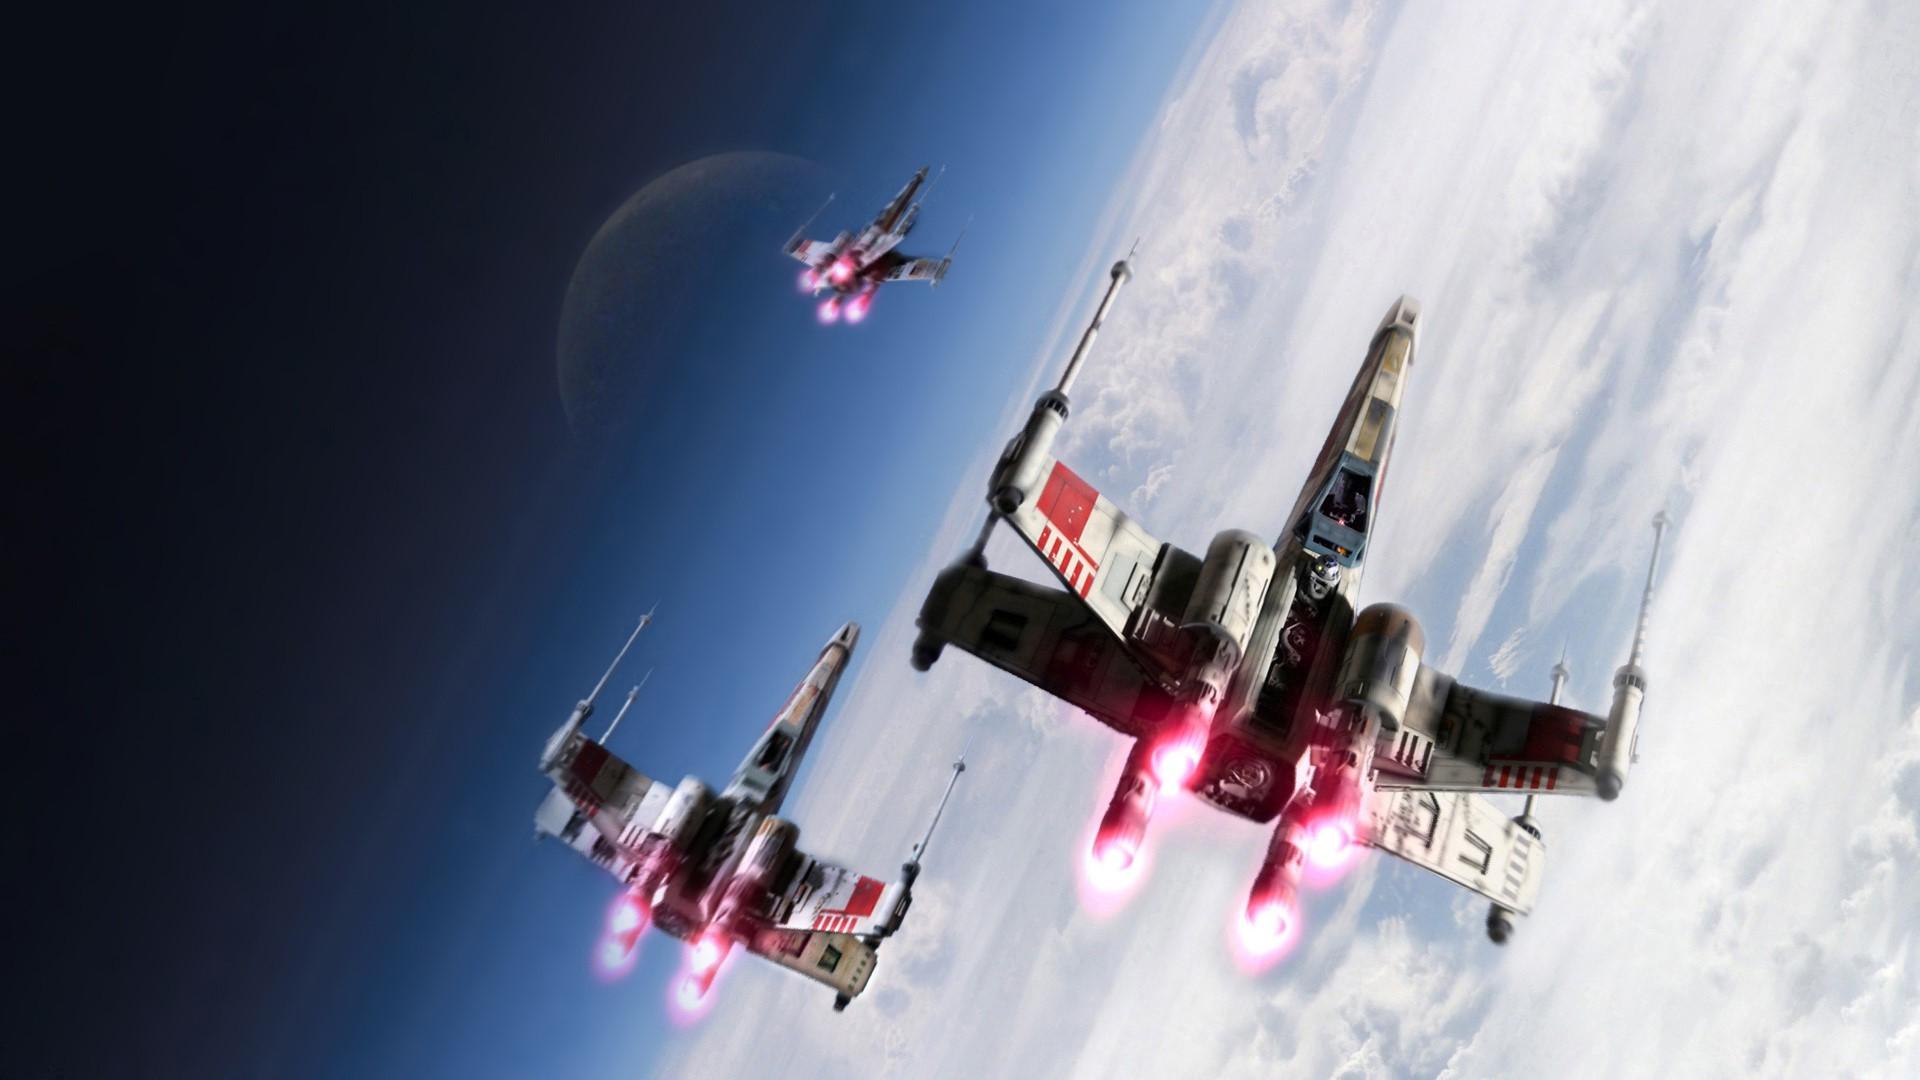 Wallpaper Star Wars Space Sky Snowboarding Snowboard
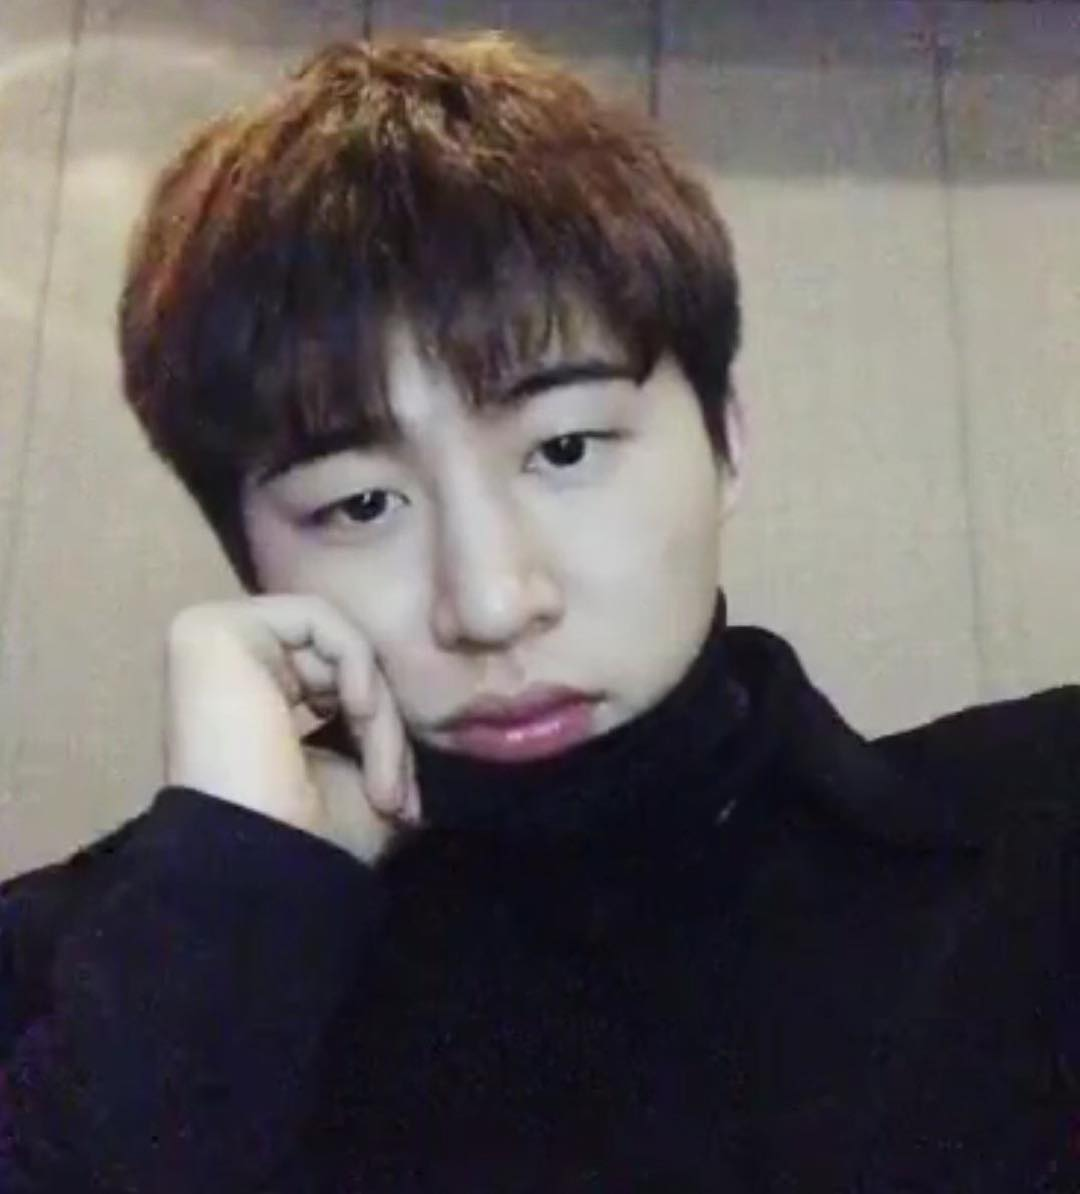 181219 Hanbin CH+ Live Talks : Please give iKON's Repackged
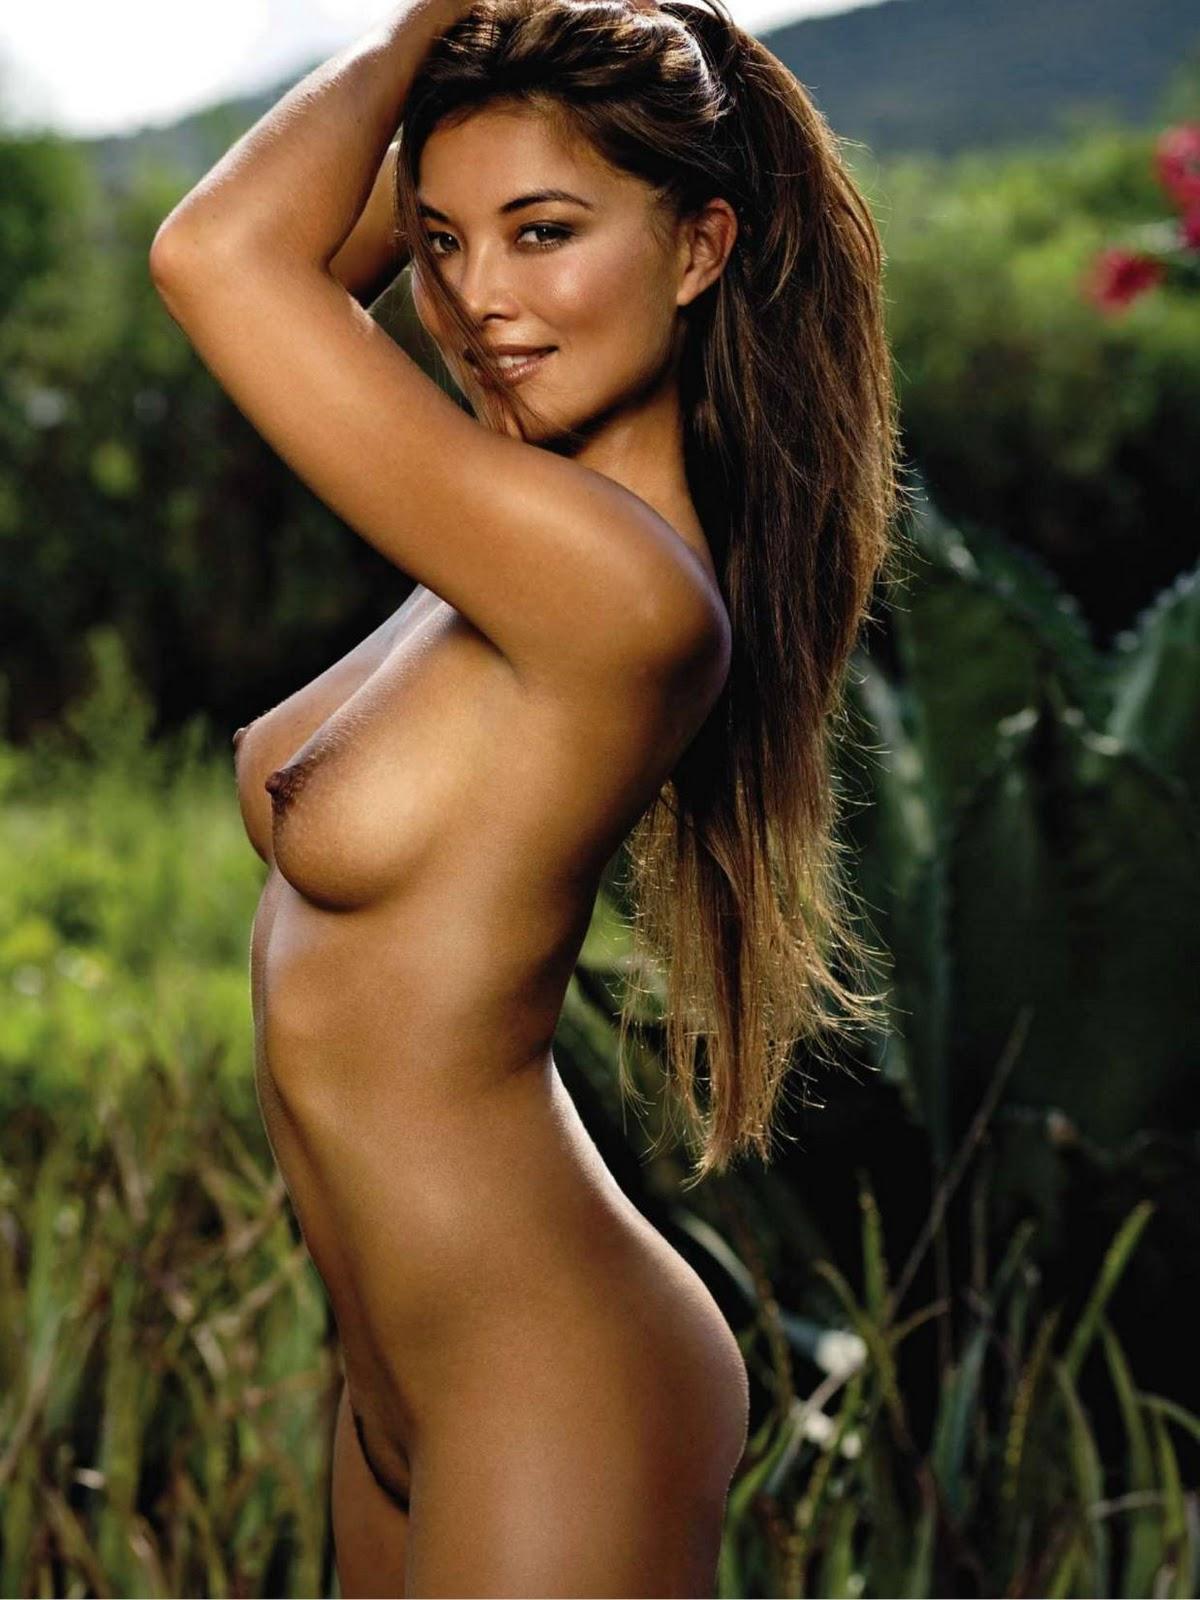 Irene hoek nude are absolutely

_____

Would you return the material above exactly, apart from its pictures?

### The answer:
 Wallpaper Star Wars Space Sky Snowboarding Snowboard
 181219 Hanbin CH+ Live Talks : Please give iKON's Repackged
 Irene hoek nude are absolutely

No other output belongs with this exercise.